I’ve had a couple of odd bathroom situations in my time.
I lived for a while in what was then one of the last residential buildings in what had been Boston’s West End. The West End was a vibrant Italian and Jewish immigrant enclave that was razed in the 1950’s and 1960’s to make way for redevelopment, largely given over to a now-outmoded and tired but then state-of-the-art apartment complex, and for the expansion of Mass General. When I lived there, there were still a couple of ancient Italian immigrants still in residence. Anyway, my apartment featured a tiny bathroom with a half-sized bathtub (and jerry-rigged show) and a toilet with an elevated tank and pull-chain flusher. But no sink. The sink was in the kitchen. So you used the bathroom and you washed your hands in the conveniently nearby kitchen sink.
In a more upscale but still oddball setting, I lived on the top two floors of a classic Beacon Hill townhouse. There were two bathrooms. The upstairs bathroom had a toilet and bathtub and was flanked on both sides by a tiny room with a sink. There was no shower in the bathtub because, given the configuration of the building, it wasn’t possible to stand up in the tub.
The bathroom with the shower was on the main floor, just off the living room. So that’s where we took our showers. Fine. But it was also just off the small galley kitchen. You could have walked around through the dining room and down the hall, but mostly to get to the living room from the kitchen, or the kitchen from the living room, we went through the bathroom. I tried not to think about the fact that there were plenty of times where I was carrying a plate of food or a glass of wine or a bowl of pretzels past the toilet. And mostly I succeeded. It was the way it was.
But I don’t think that I could think my way around a combo kitchen-bathroom. Which is the feature of a tiny (200 square foot) studio apartment, renting for $525 a month in St. Louis.
I’m all in on tiny living spaces, but this takes open concept a tad bit too far.
That said, I wiled away plenty of hours of my childhood fantasizing how I would convert our bathroom into a compleat home. The bed would fold down over the tub; the toilet would convert to a chair; the medicine cabinet would be swapped out for a bookcase. I can’t remember what I had worked out for my stove and fridge, but I loved thinking through having a compact little home of my own.
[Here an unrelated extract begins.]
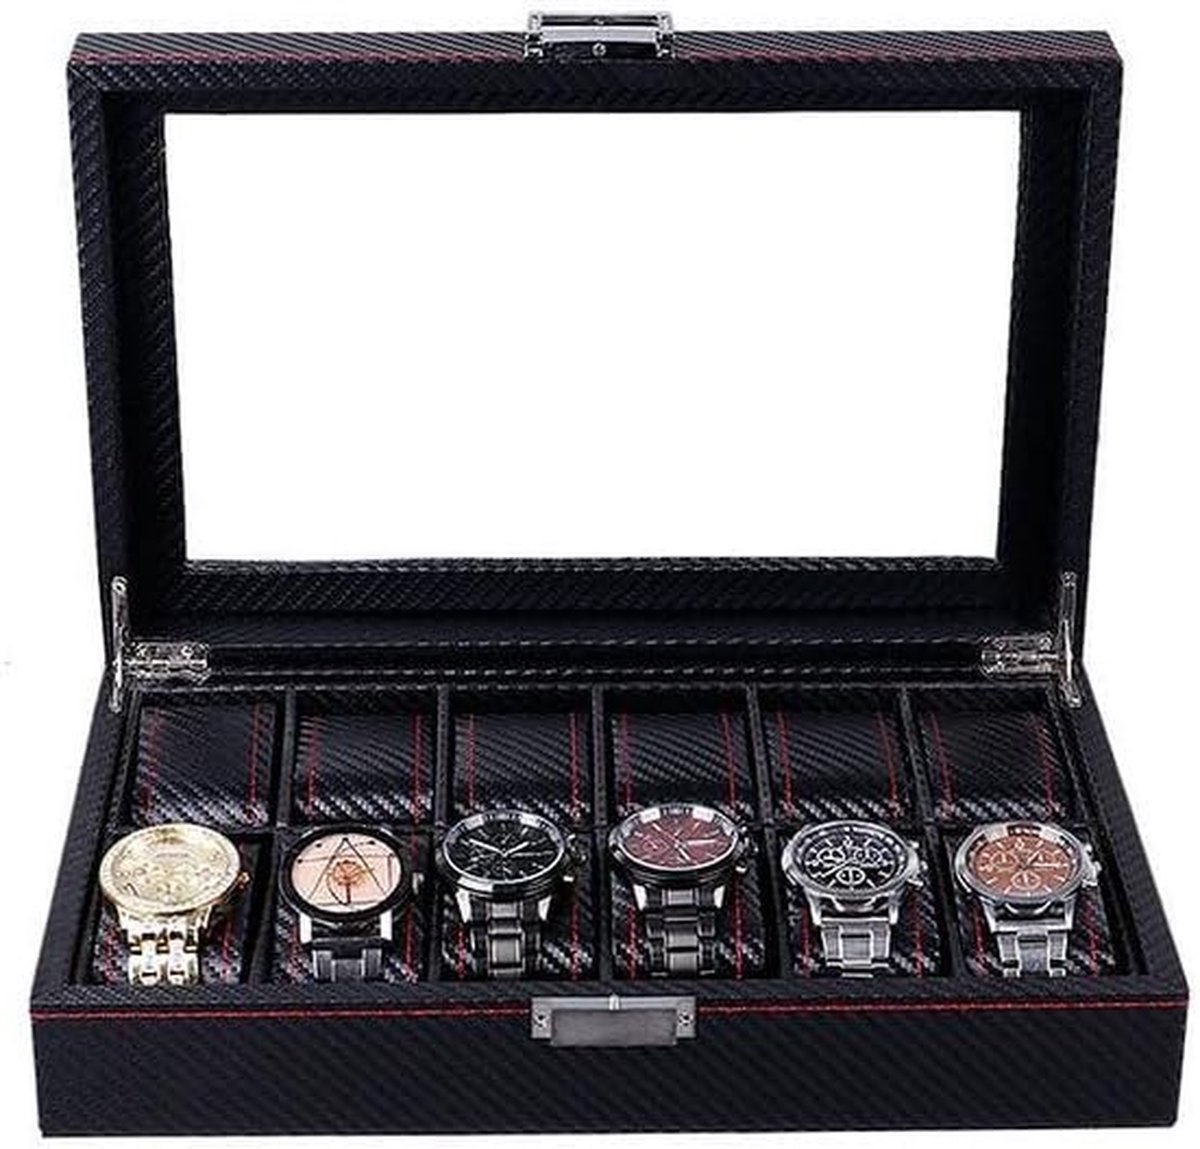 horlogebox - horlogekussen, horlogekast \ horloge doos 21.8D x 27.9W x 8H centimetres

I still like the tiny house idea, although I couldn’t do one of those ladder-to-the-loft ones. And I do think that 200 square feet might be a bit too tiny, even for me. Not to mention that if I were living that small, the bathroom could be plenty tiny but it would have to be separate with a door of its own.
No way I want to be able to stir the pot while on the pot. Or be soaking in that tub while the Toll House cookies are baking.
The article notes that the apartment has been rented by a man. I’m guessing young. I’m guessing single. I’m guessing doing a lot more Grub Hub than replicating what the Iron Chef just whipped up.
As I said, this takes open concept to a new, ewww level.